Diagnosis: Congenital hepatic fibrosis (CHF)
• Congenital hepatic fibrosis (CHF) is one of the fibropolycystic liver diseases, which stems from abnormalities of remodeling and maturation of the embryonic bile duct plates (ductal plate malformations or DPMs).
• The characteristic pathology includes numerous bile ducts of irregular contour, angulation, and dilatation (sometimes with bile) embedded in portal and periportal fibrosis, with interspersed normal lobules of liver parenchyma.
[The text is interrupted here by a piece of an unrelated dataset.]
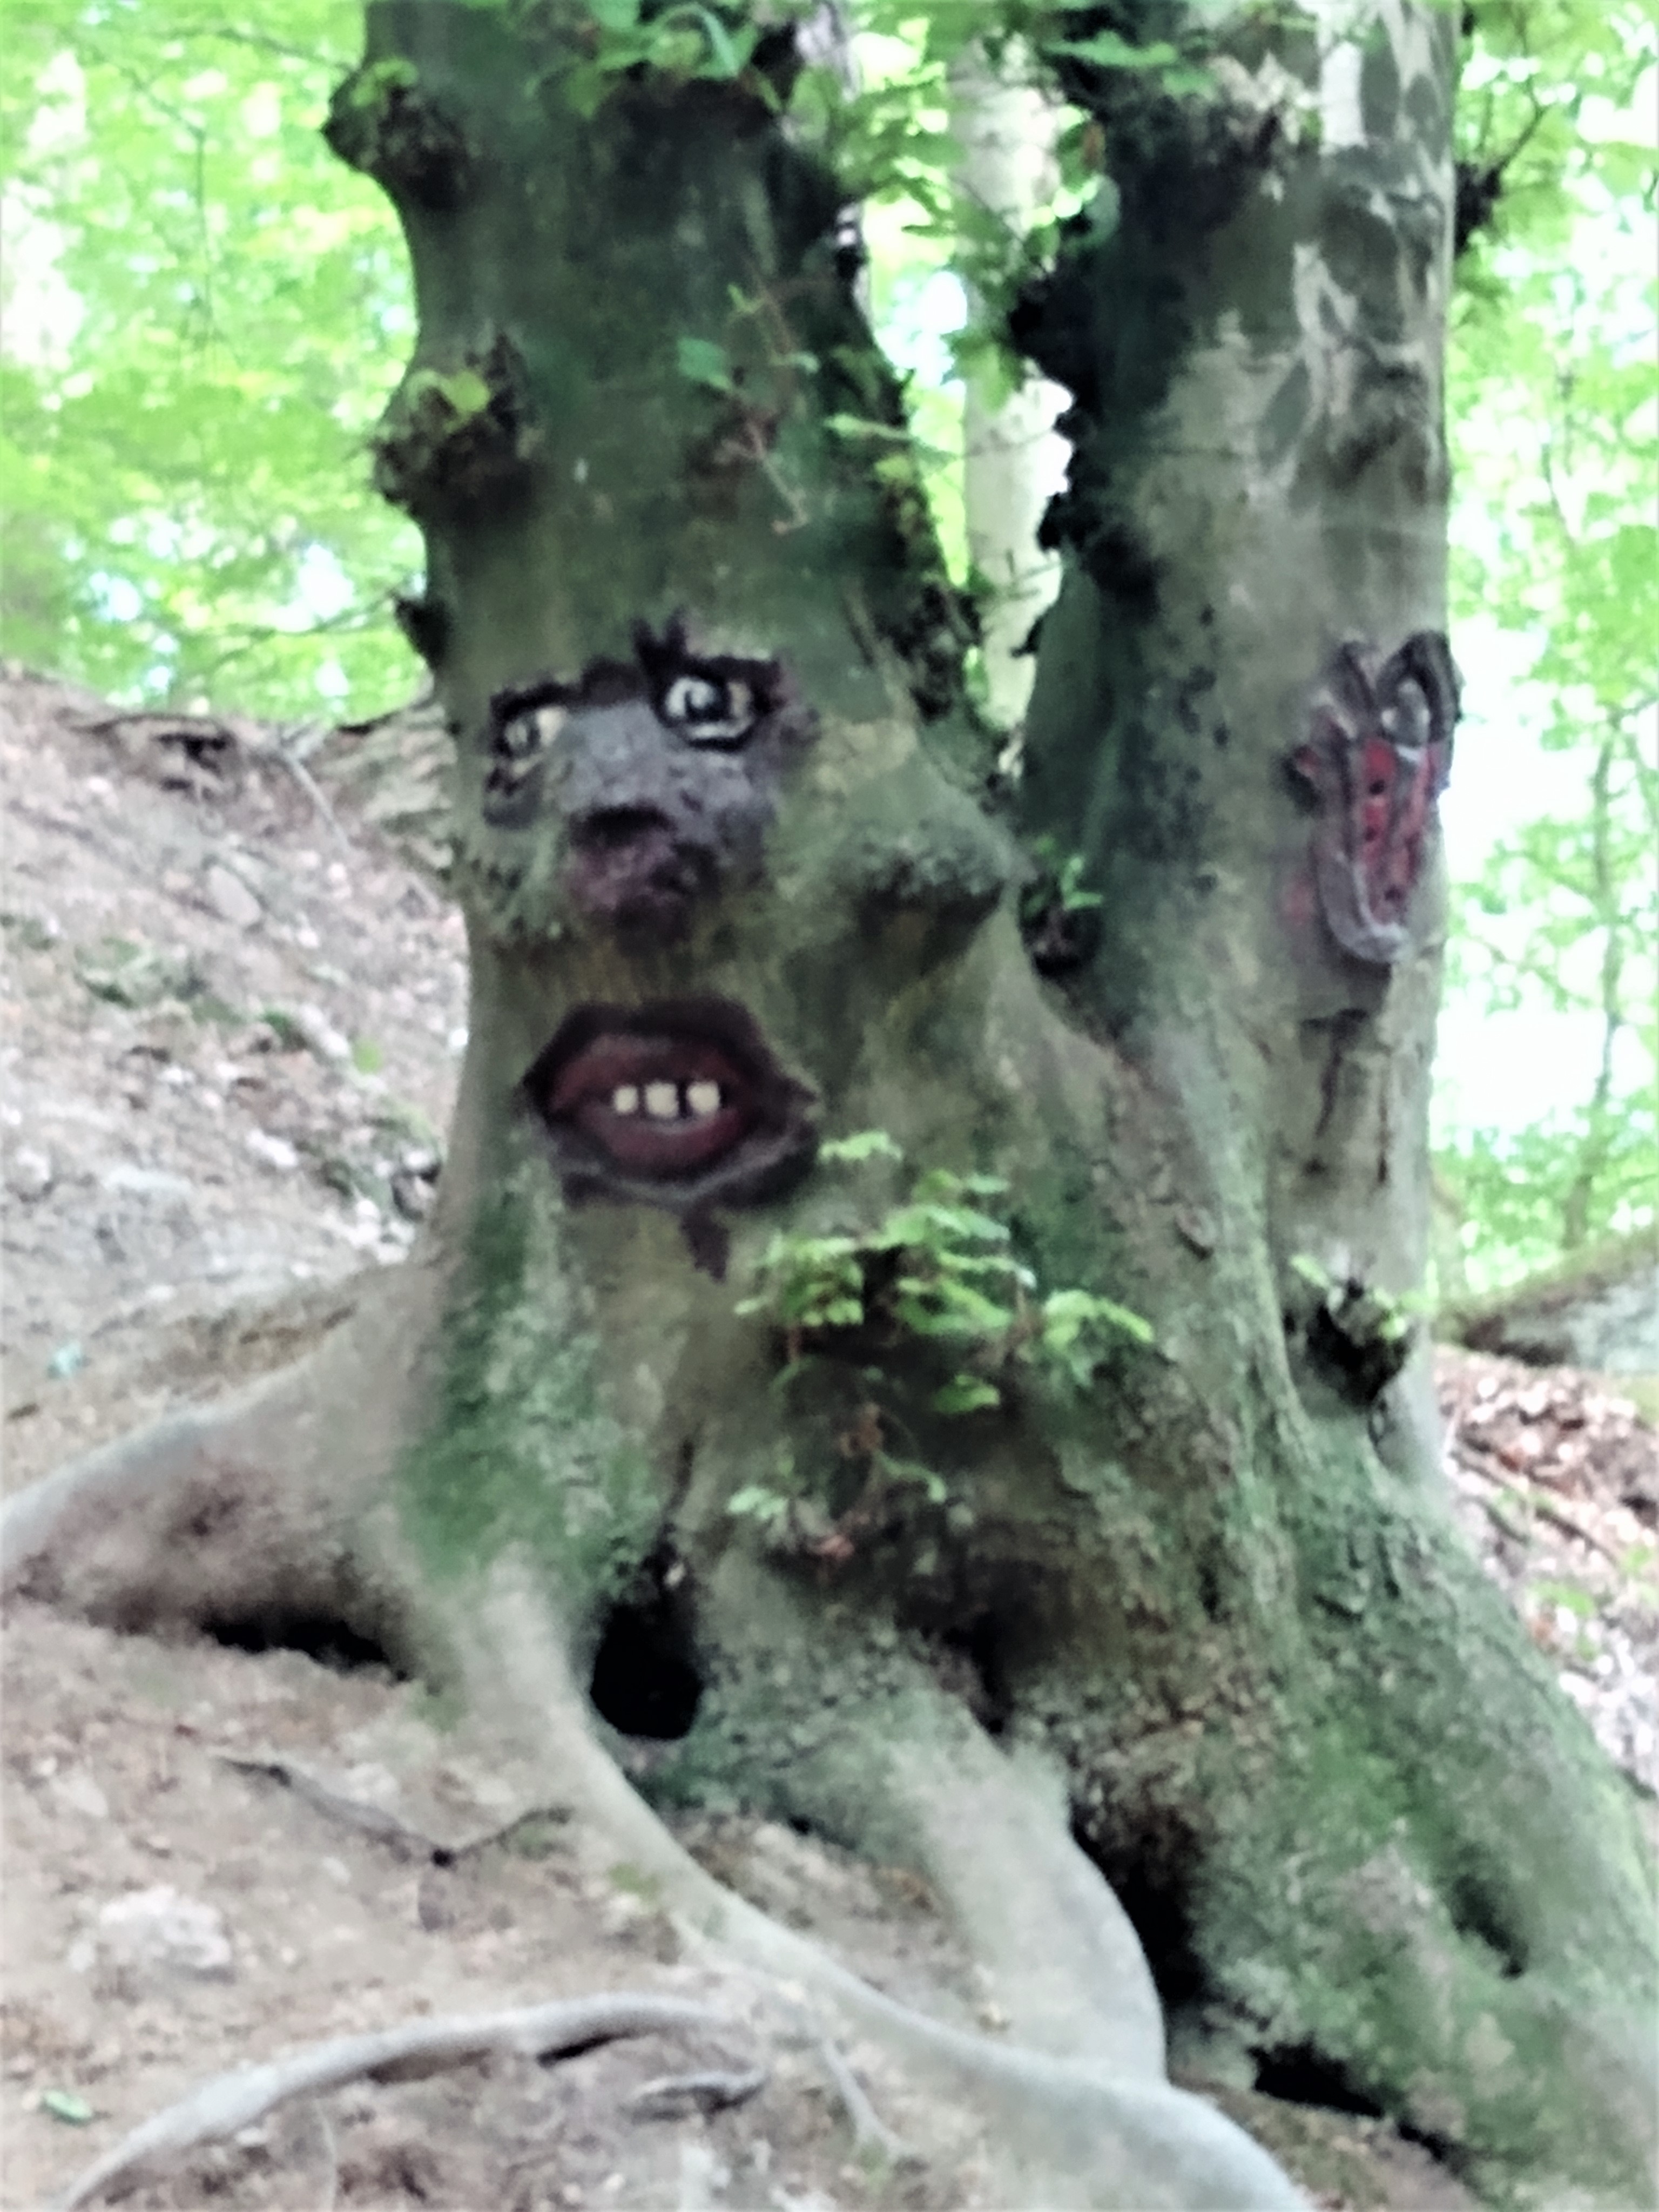 Forest Walks - Tree Face Forest, Wiesbaden, TravelsWithSuz.com

• CHF is a cause of portal hypertension in pediatrics, with well preserved synthetic function.
• The presentation of CHF may be in infants (organomegaly, respiratory distress, systemic hypertension), juvenile form (portal hypertension with hepatosplenomegaly and/or bleeding varices) or may be asymptomatic.
• CHF is considered a variant of autosomal recessive polycystic kidney disease (ARPKD) in which mutation of the PKHD gene that encodes fibrocystin/polyductin on the bile duct epithelial primary cilium contributes to the abnormal remodeling of the bile duct plates.
• Routine serum liver function tests are typically normal in CHF, although alkaline phosphatise occasionally is elevated.
• Patients with CHF are not jaundiced and there is no histological cholestasis (except for the occasional inspissated bile seen in the ductal plate malformations).